Return the listing below verbatim. Pictures do not belong in the copy.

- **Exercise data**:

● ● ● ● ●

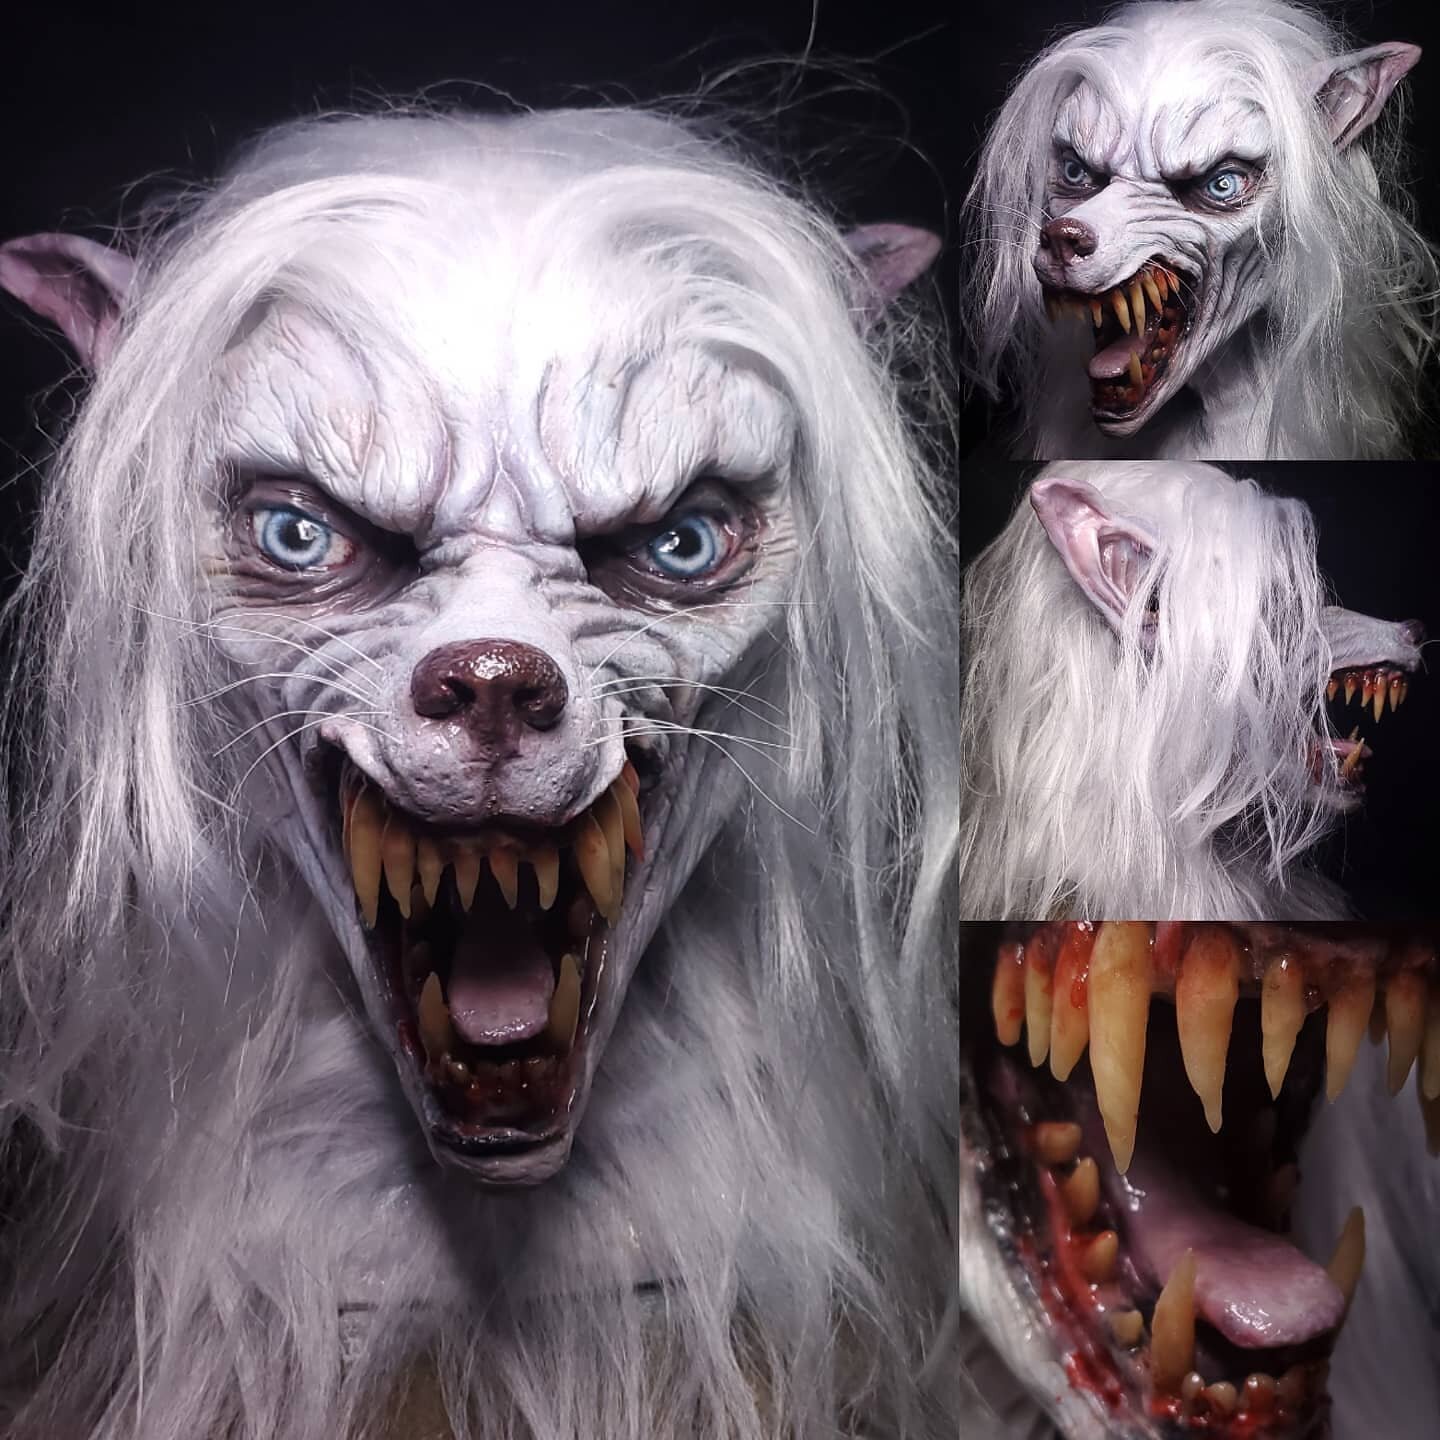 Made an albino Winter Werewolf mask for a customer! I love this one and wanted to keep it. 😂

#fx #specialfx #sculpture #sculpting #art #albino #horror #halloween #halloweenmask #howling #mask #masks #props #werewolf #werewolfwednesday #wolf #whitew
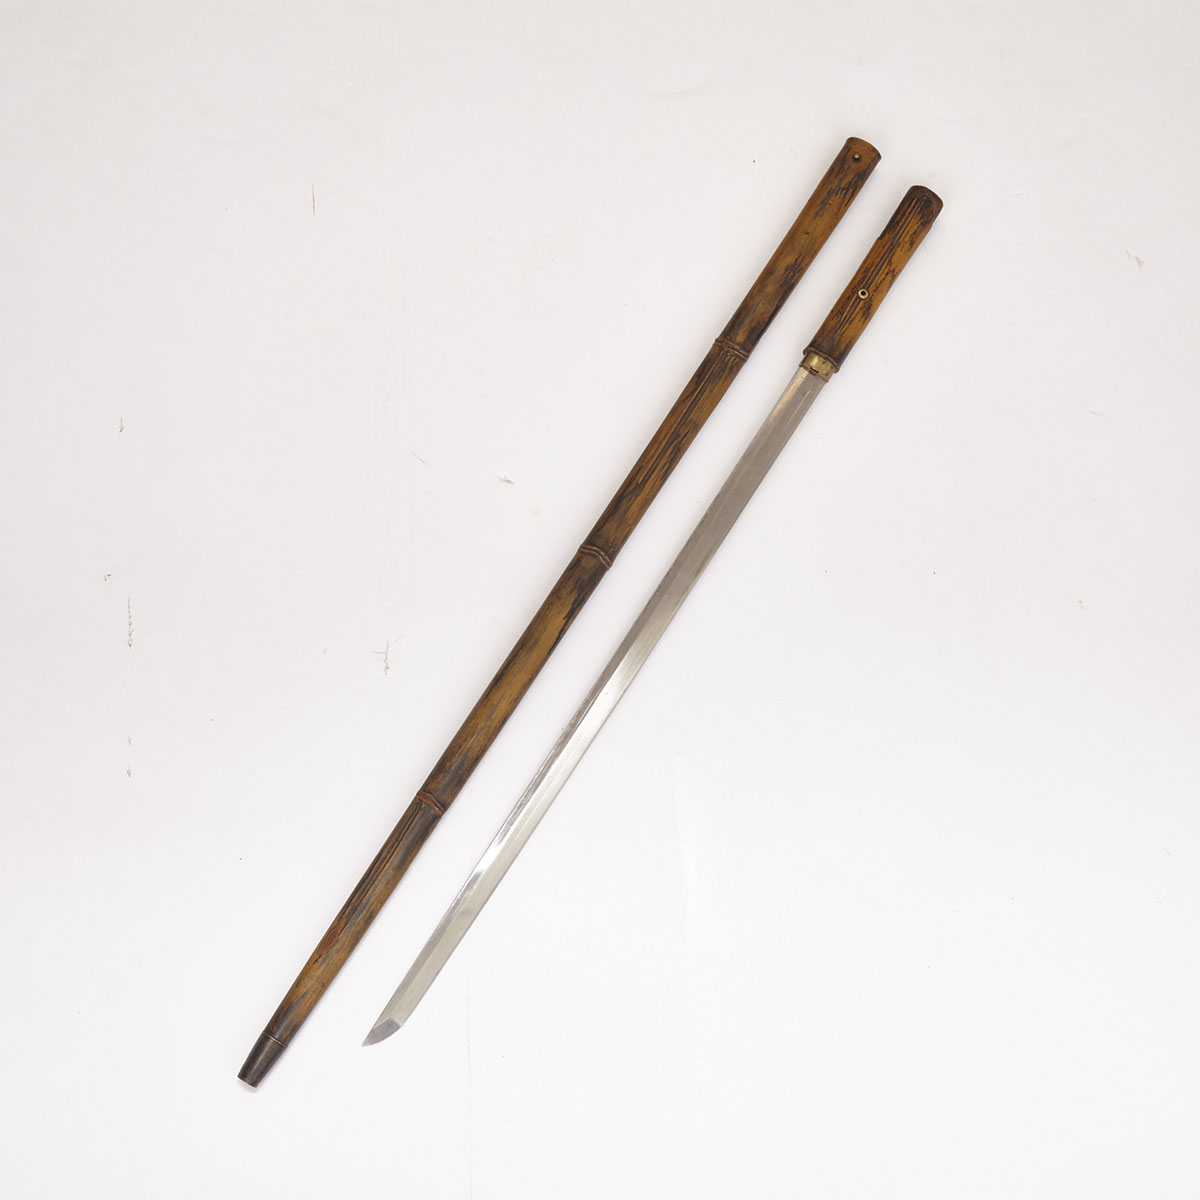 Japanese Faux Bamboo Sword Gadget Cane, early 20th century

● ● ● ● ●

- **Reply to the task**:
 Made an albino Winter Werewolf mask for a customer! I love this one and wanted to keep it. 😂

#fx #specialfx #sculpture #sculpting #art #albino #horror #halloween #halloweenmask #howling #mask #masks #props #werewolf #werewolfwednesday #wolf #whitew
 Japanese Faux Bamboo Sword Gadget Cane, early 20th century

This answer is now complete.